**Task instructions:** Transcribe the listing exactly; drop the images.
Data section start
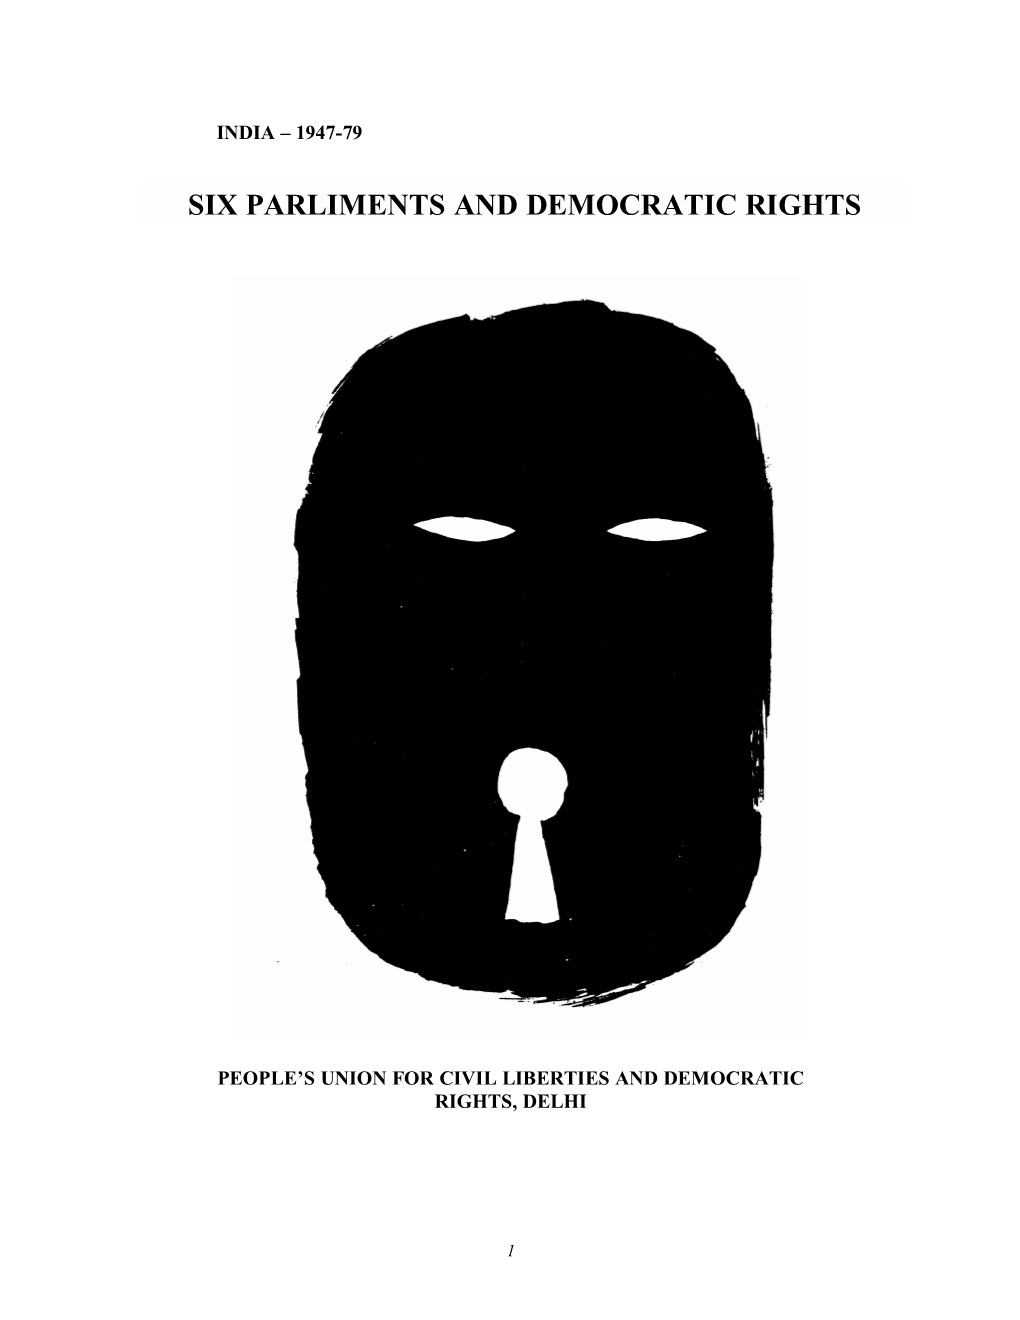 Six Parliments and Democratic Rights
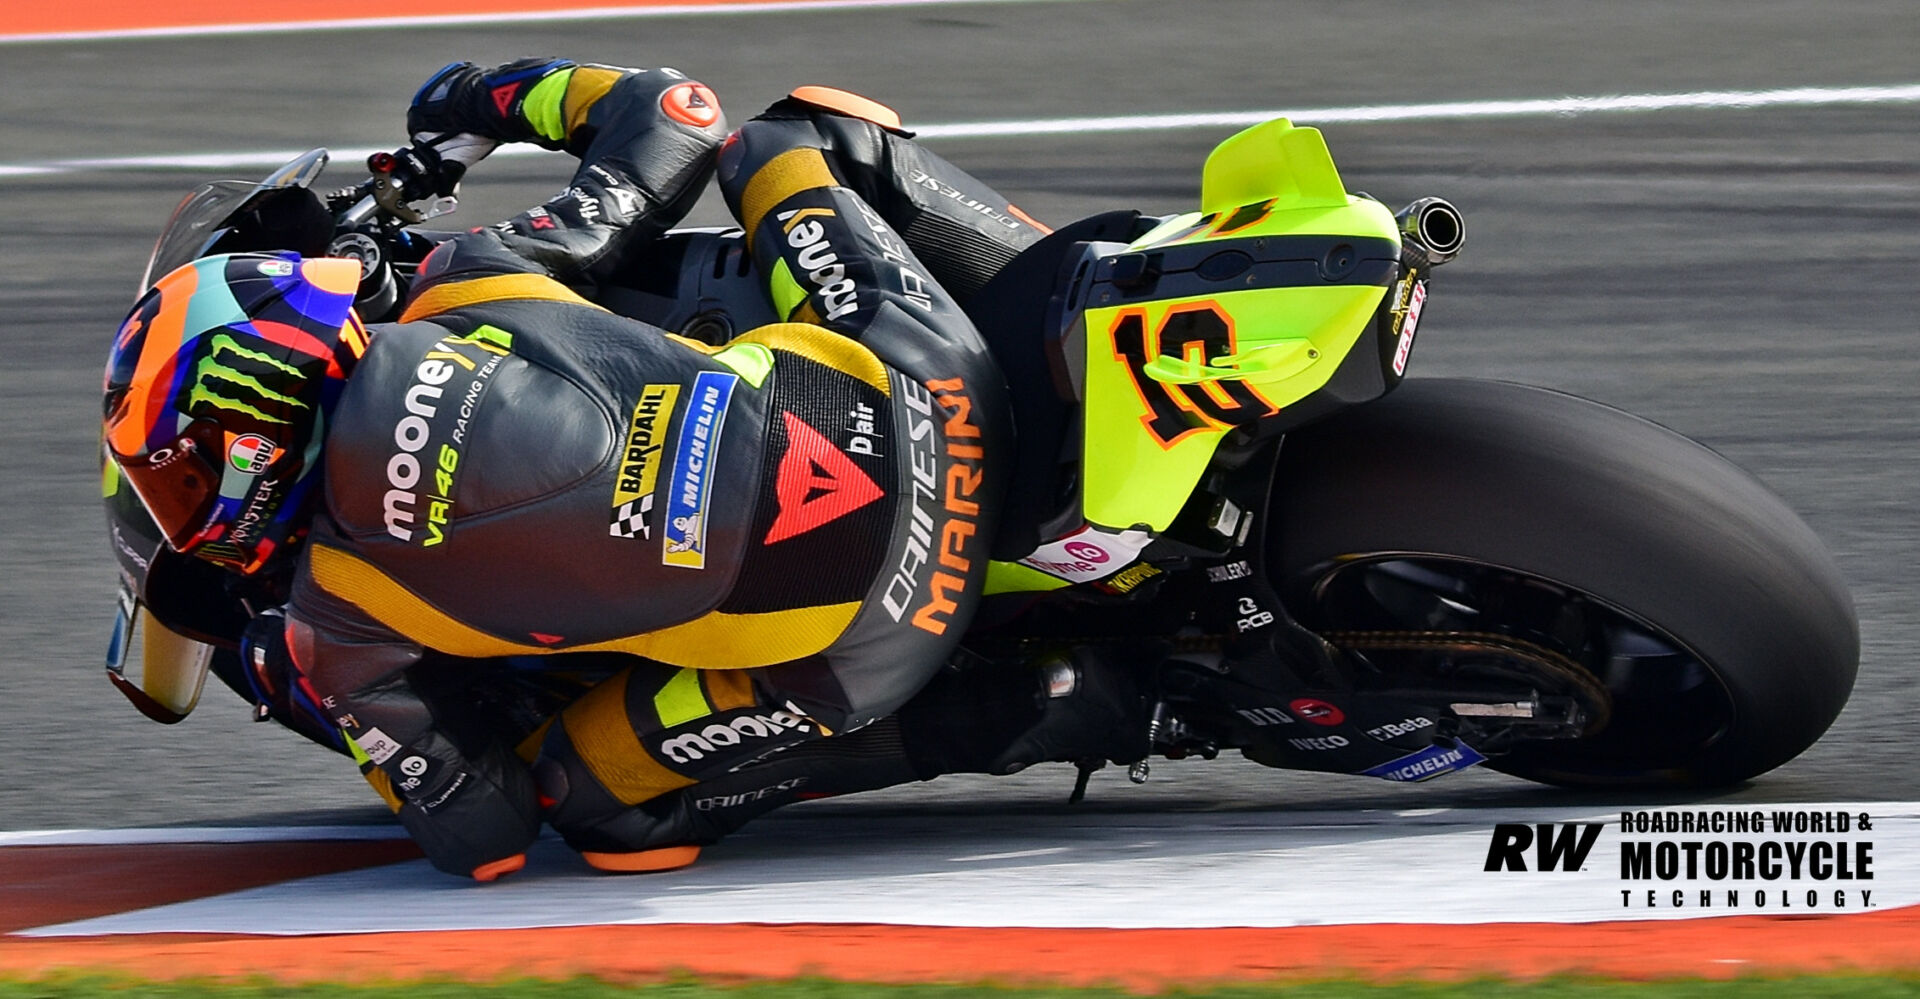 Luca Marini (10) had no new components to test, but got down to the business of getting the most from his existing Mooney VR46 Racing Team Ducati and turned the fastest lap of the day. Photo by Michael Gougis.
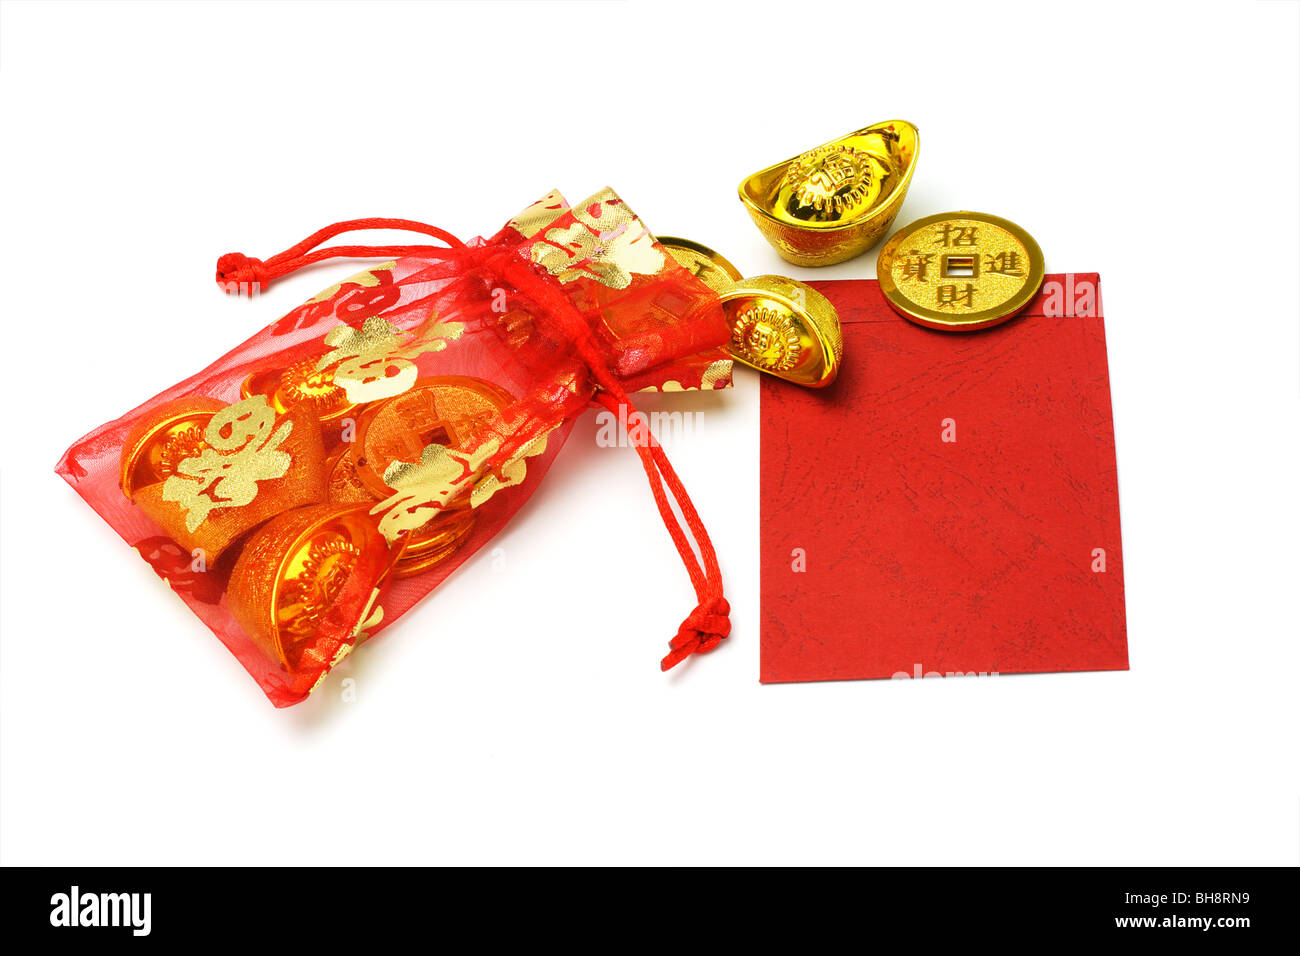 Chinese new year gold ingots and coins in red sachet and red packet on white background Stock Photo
Data section end
**Solution for this exercise:**
 Six Parliments and Democratic Rights
 Luca Marini (10) had no new components to test, but got down to the business of getting the most from his existing Mooney VR46 Racing Team Ducati and turned the fastest lap of the day. Photo by Michael Gougis.
 Chinese new year gold ingots and coins in red sachet and red packet on white background Stock Photo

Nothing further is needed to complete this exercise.